Vermont Geological Surveys: 1844
Disaster and death dogged these surveys. Charles Baker Adams, the first state geologist, made four annual reports, then died at the age of 39. His successor, Zadock Thompson, died after three years, and his successor, Augustus Young, died within the year. Edward Hitchcock (Massachusetts Geological Survey, 1830) then took charge-just before fire destroyed the corrections.
Charles Baker Adams (1814-1853; ANSP 1846) DAB
Born in Dorchester, Massachusetts, and a graduate of Amherst, Adams was professor of chemistry and natural history at Middlebury College at the time of his appointment to the survey and afterward professor of astronomy and zoology at Amherst. Primarily a conchologist, Adams was an inveterate field investigator.
ANSP: Adams letters of 1844 and 1846 in the Samuel S. Haldeman Correspondence touch on the survey.
**APS, HSP, ANSP
Zadock Tbompson (1796-1856) DAB
Born in Bridgewater, Vermont, and a graduate of the University of Vermont, Thompson had a varied career as editor, theologian, and professor of chemistry and natural history at the University of Vermont. He published a guidebook to Vermont and books on its geology and history.
HSP: In the Simon Gratz Collection, see his letters to Silliman and Dana about a fossil skeleton found in Vermont.

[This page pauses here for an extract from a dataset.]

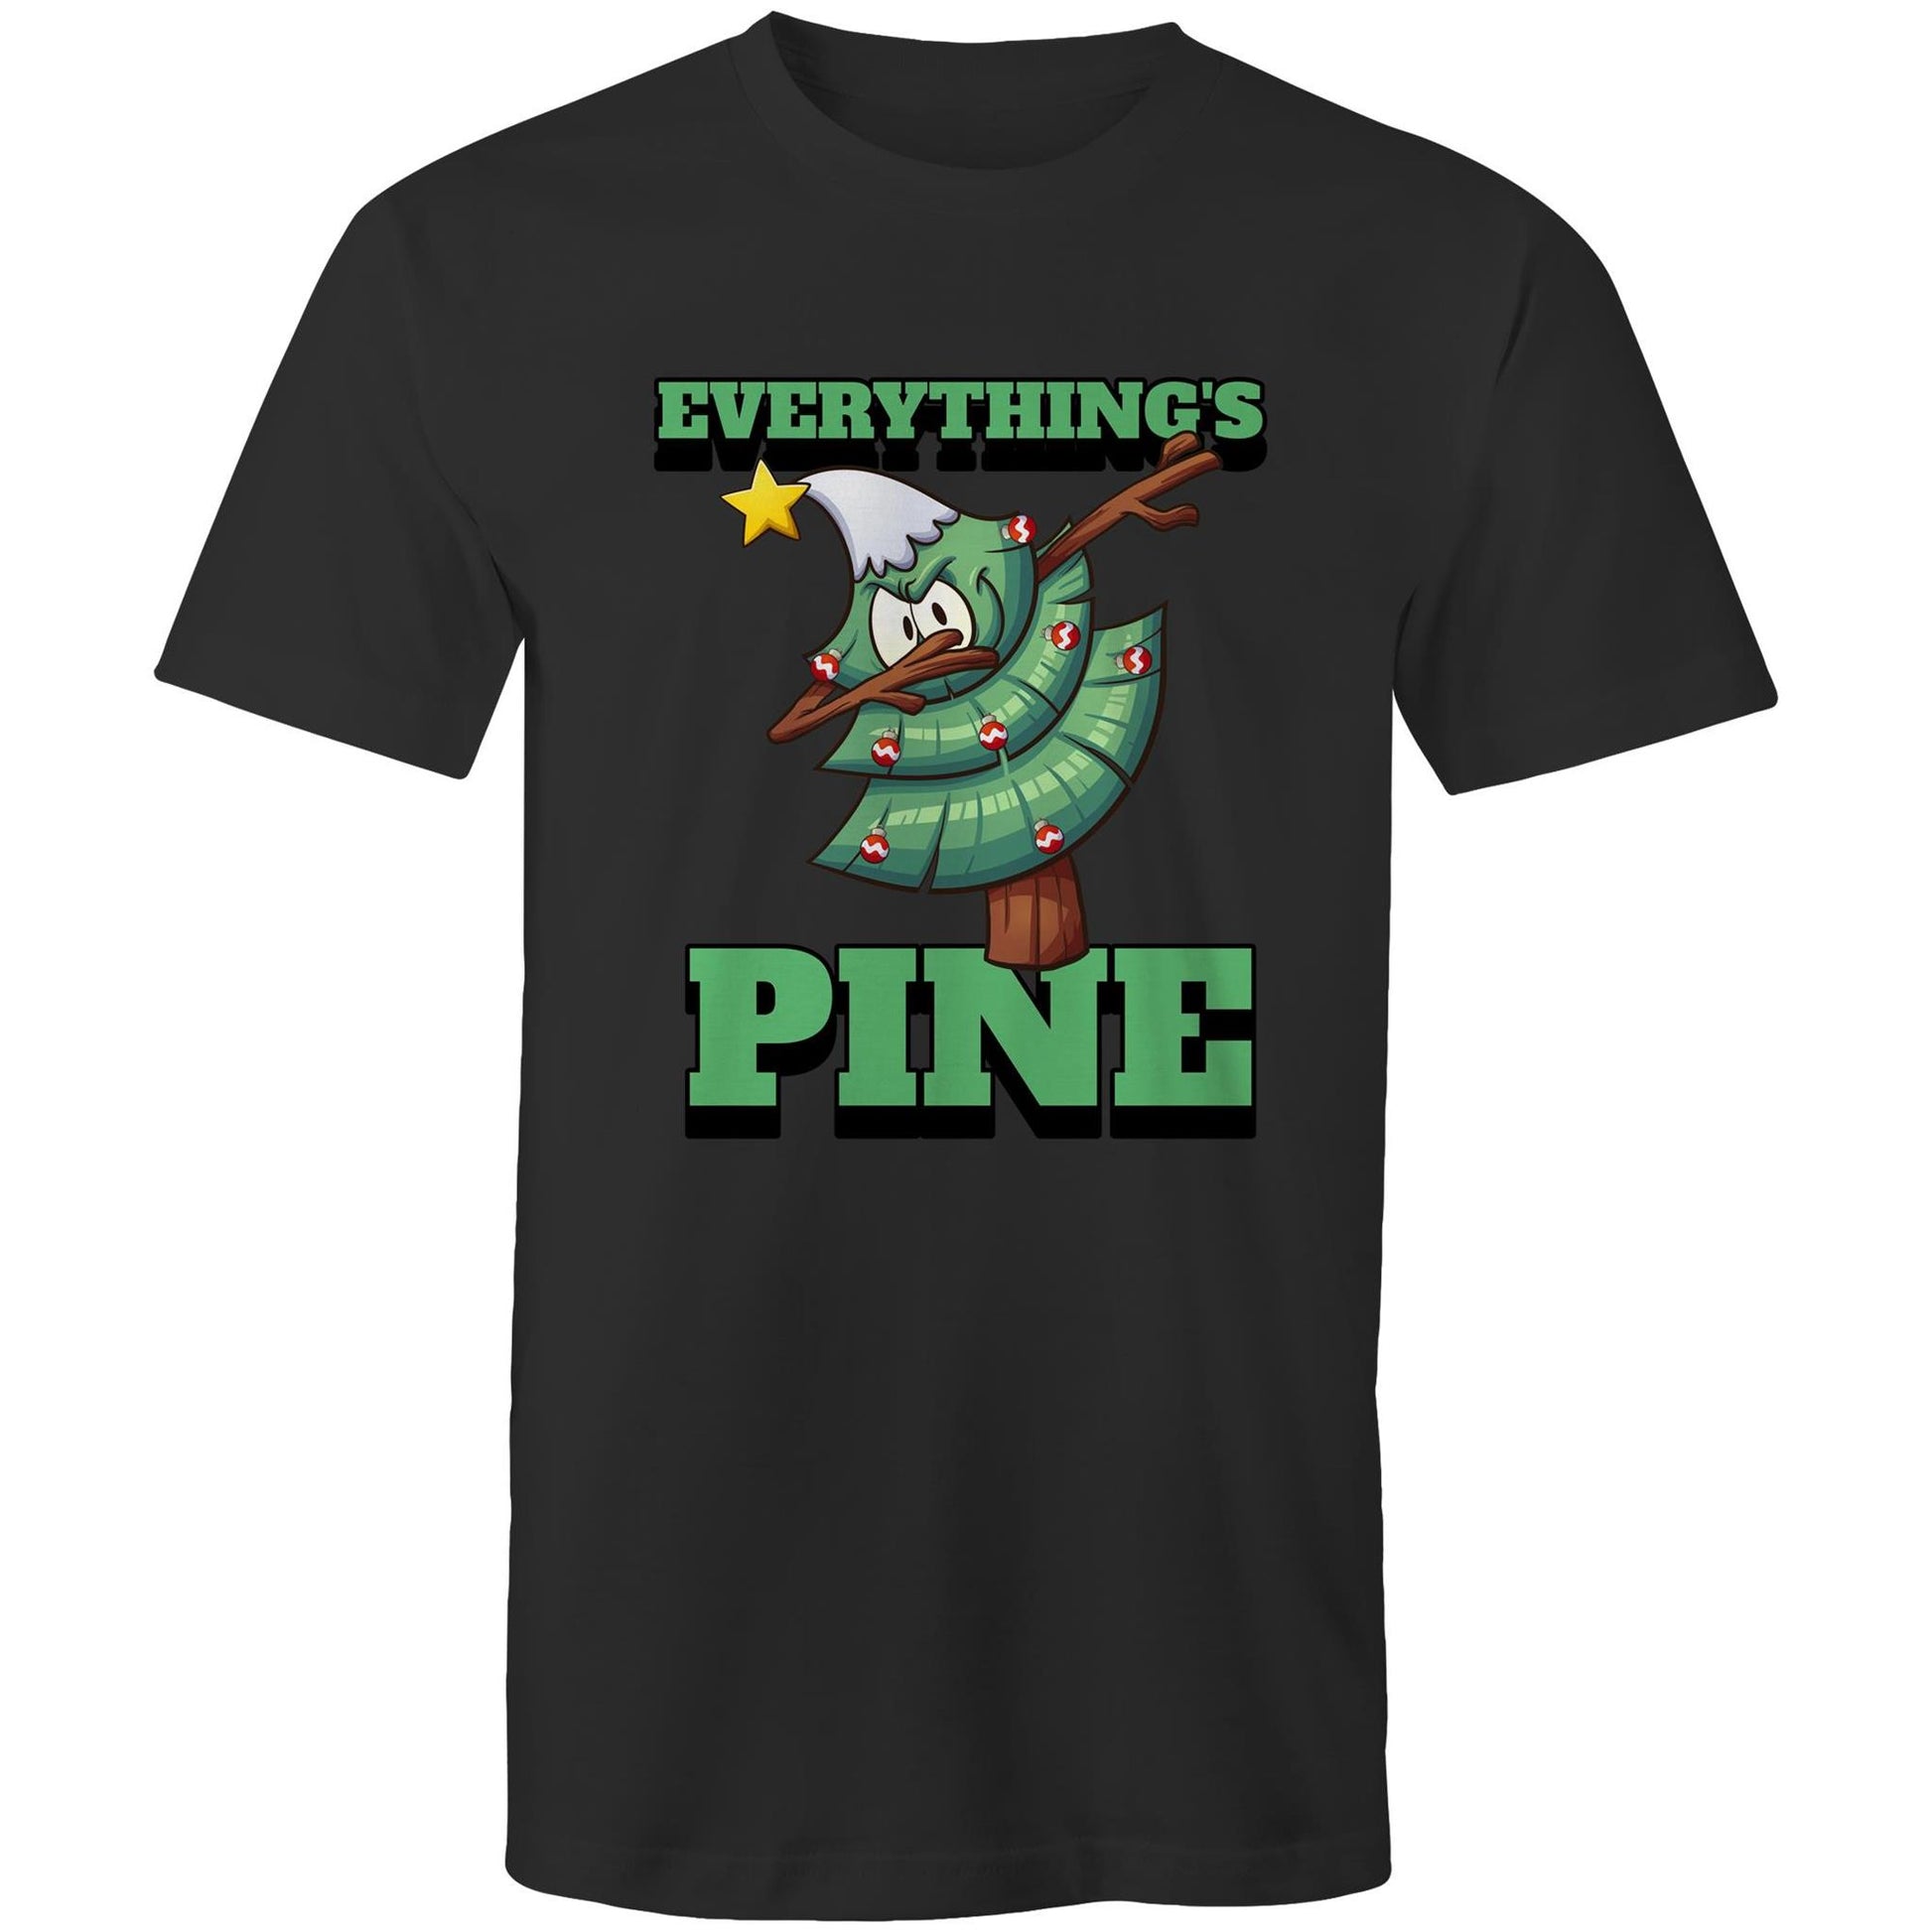 Everything's Pine - Mens T-Shirt Black Christmas Mens T-shirt Merry Christmas
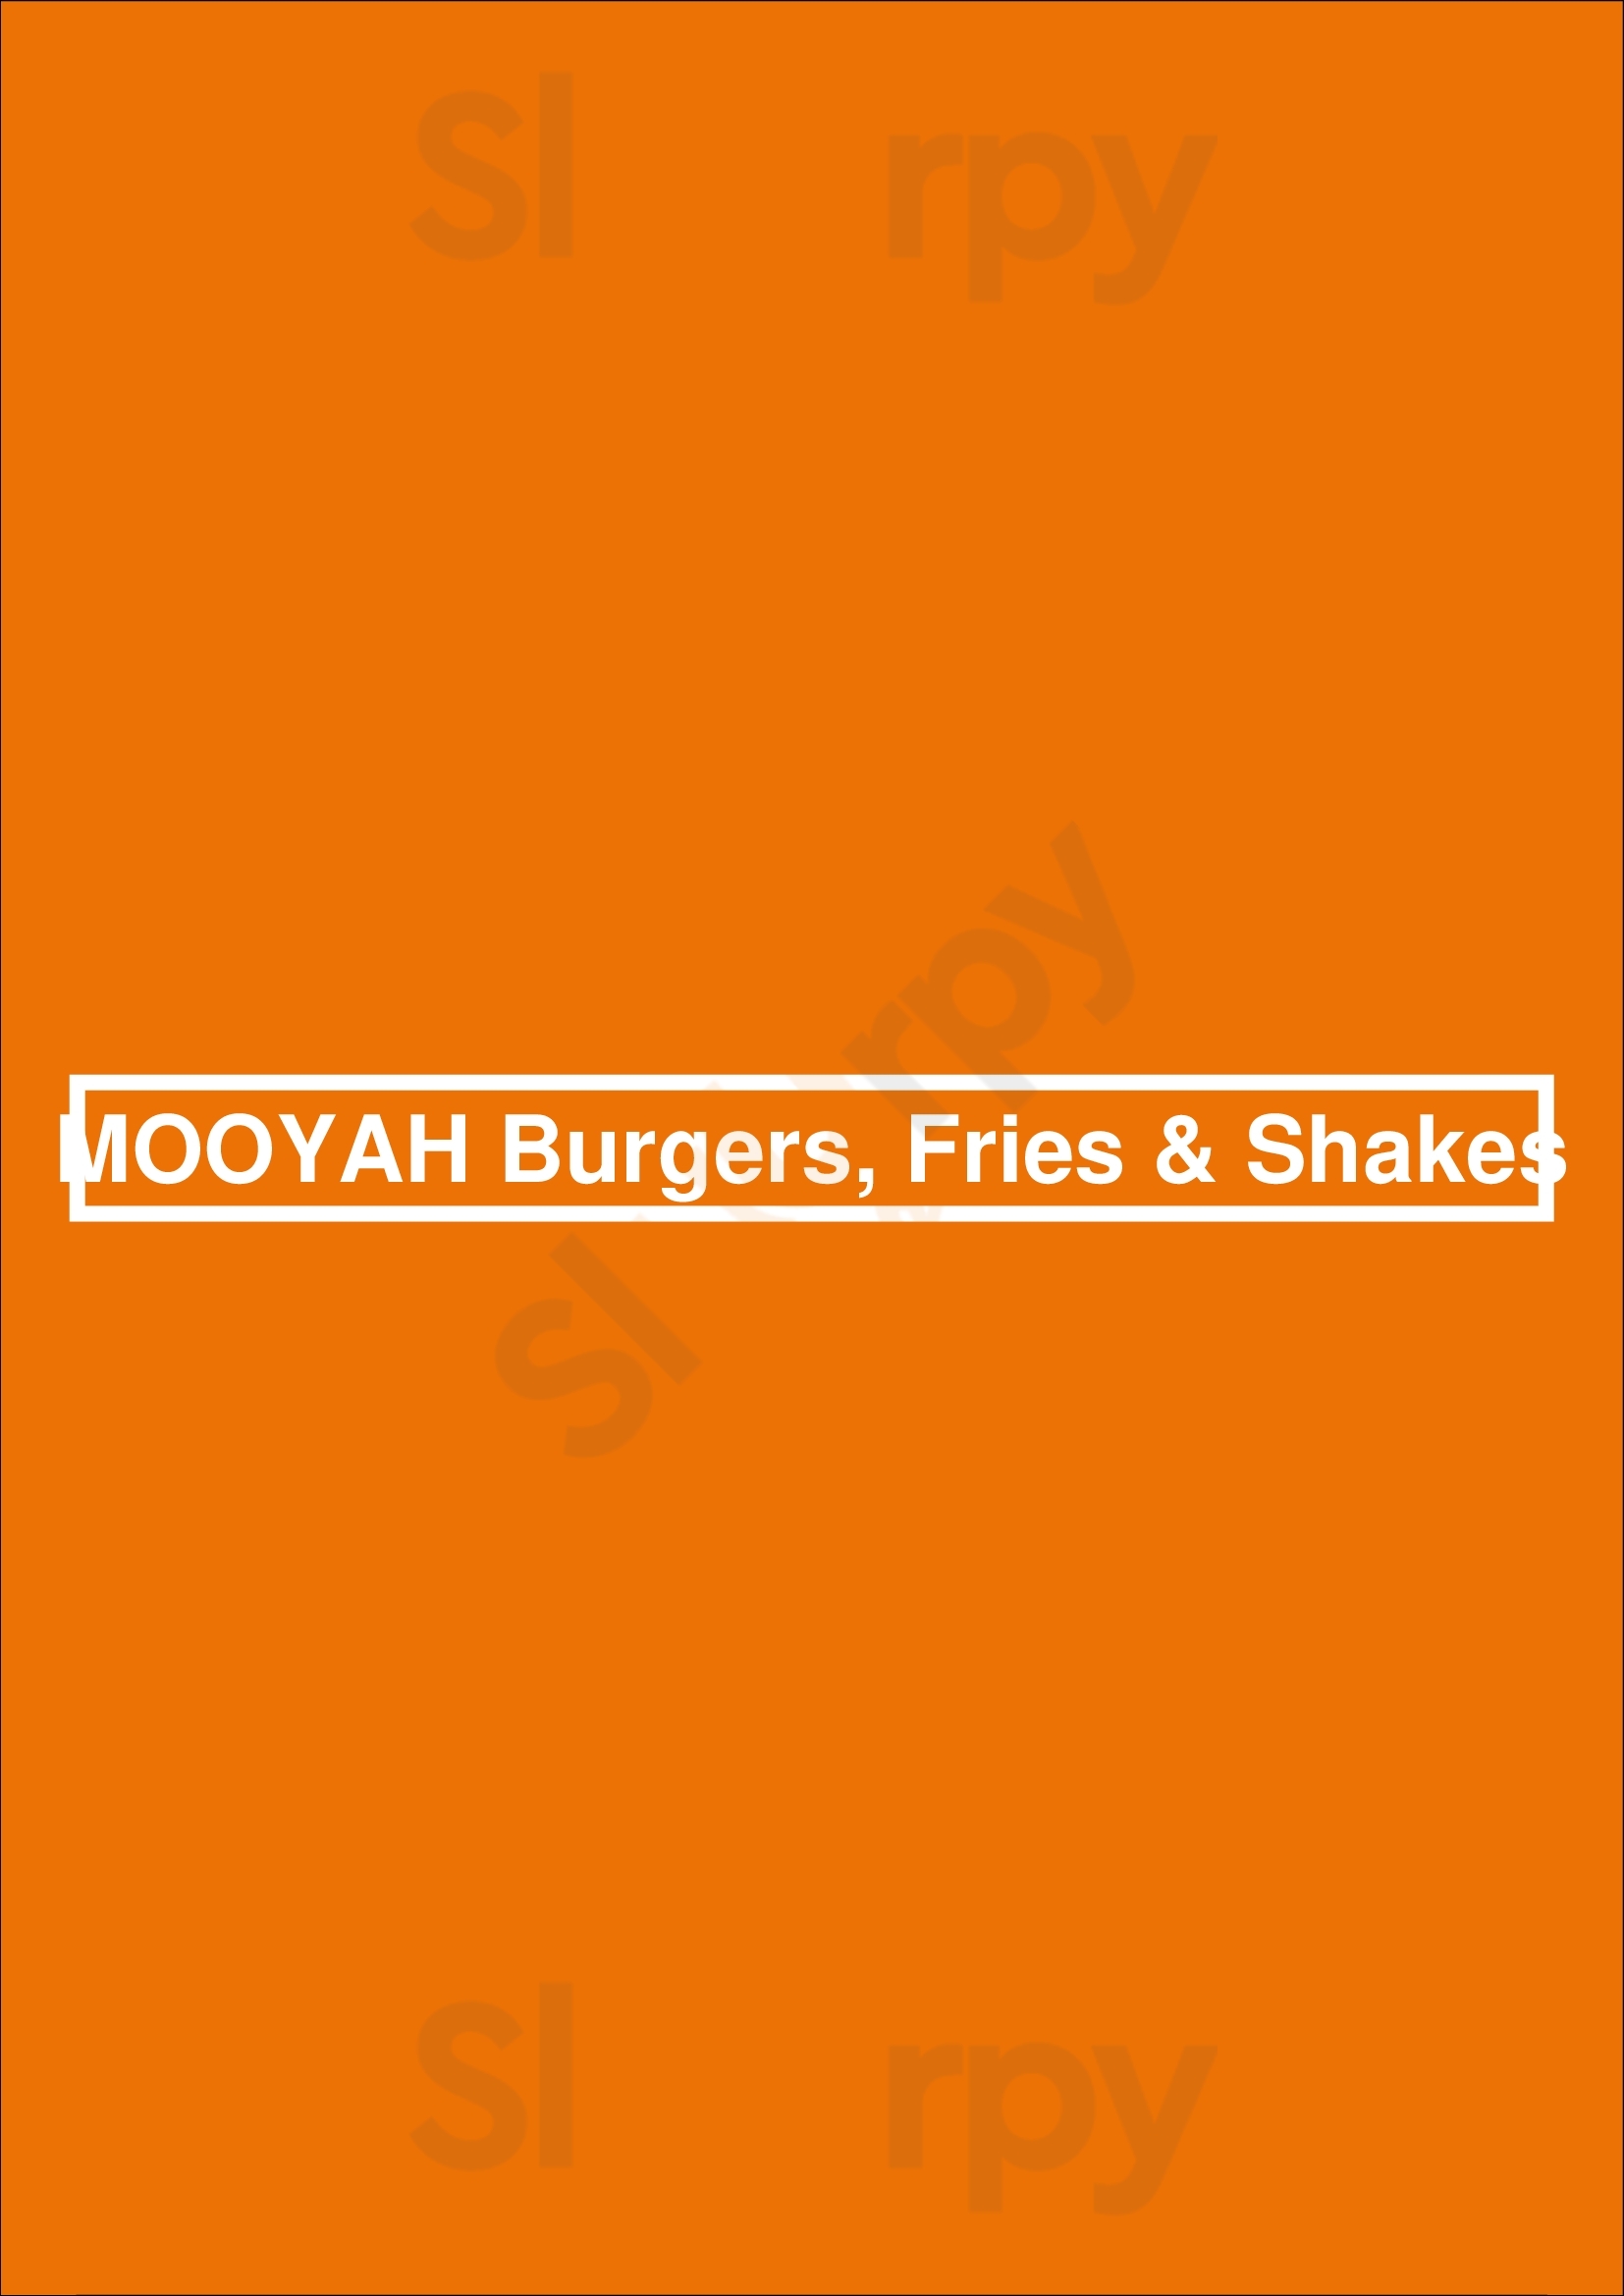 Mooyah Burgers, Fries & Shakes Birmingham Menu - 1

Samuel Read Hall (1795-1877) DAB
A New Hampshireman, Hall was a Congregational minister and educator who headed various academies and seminaries in Vermont and New Hampshire and published a book on "school-keeping." In what appears to have been his only venture into geology, Hall assisted in the field and with the geological reports.
**HSP
Edward Hitchcock, Jr. (1828-1901)
The son of Edward Hitchcock, Hitchcock, Jr., graduated at Amherst and the Harvard Medical School and studied comparative anatomy in England before becoming professor of physical education at Amherst. He reported on mineral locations.
**HSP
Charles H. Hitchcock
Tbomas Steny Hunt (1826-1892; APS 1861) DAB
Born in Norwich, Connecticut, Hunt abandoned medicine for chemistry, studying under the Sillimans at Yale before joining the Canadian Geological Survey, on which he served as chemist and mineralogist for many years. In 1872 he succeeded William B. Rogers as professor of geology at the Massachusetts Institute of Technology. A brilliant if somewhat eccentric mind, he developed his own system of organic chemistry, and the permanent green ink he invented in 1859 gave a name to the inflated U.S. currency bills of the 1860s and 70s. A popular lecturer, he was also a member of the National Academy of Sciences. Hunt reported on geology.
**APS, HSP, ANSP
C. L. Lesquereux
APS: See Lesquereux's always informative, frequently gossipy letters in the J. L. LeConte and J.P. Lesley Papers.
HSP: See his letter, 7 November 1857, to Joseph Leidy in the Society Collection.
Daniel Cady Eaton (1834-1895; ANSP 1877) DAB
The grandson of Amos Eaton and born in Michigan, Eaton graduated at Yale, studied botany at Harvard, and became professor of botany at Yale in 1864. He participated in four other expeditions. He reported on the botany of this.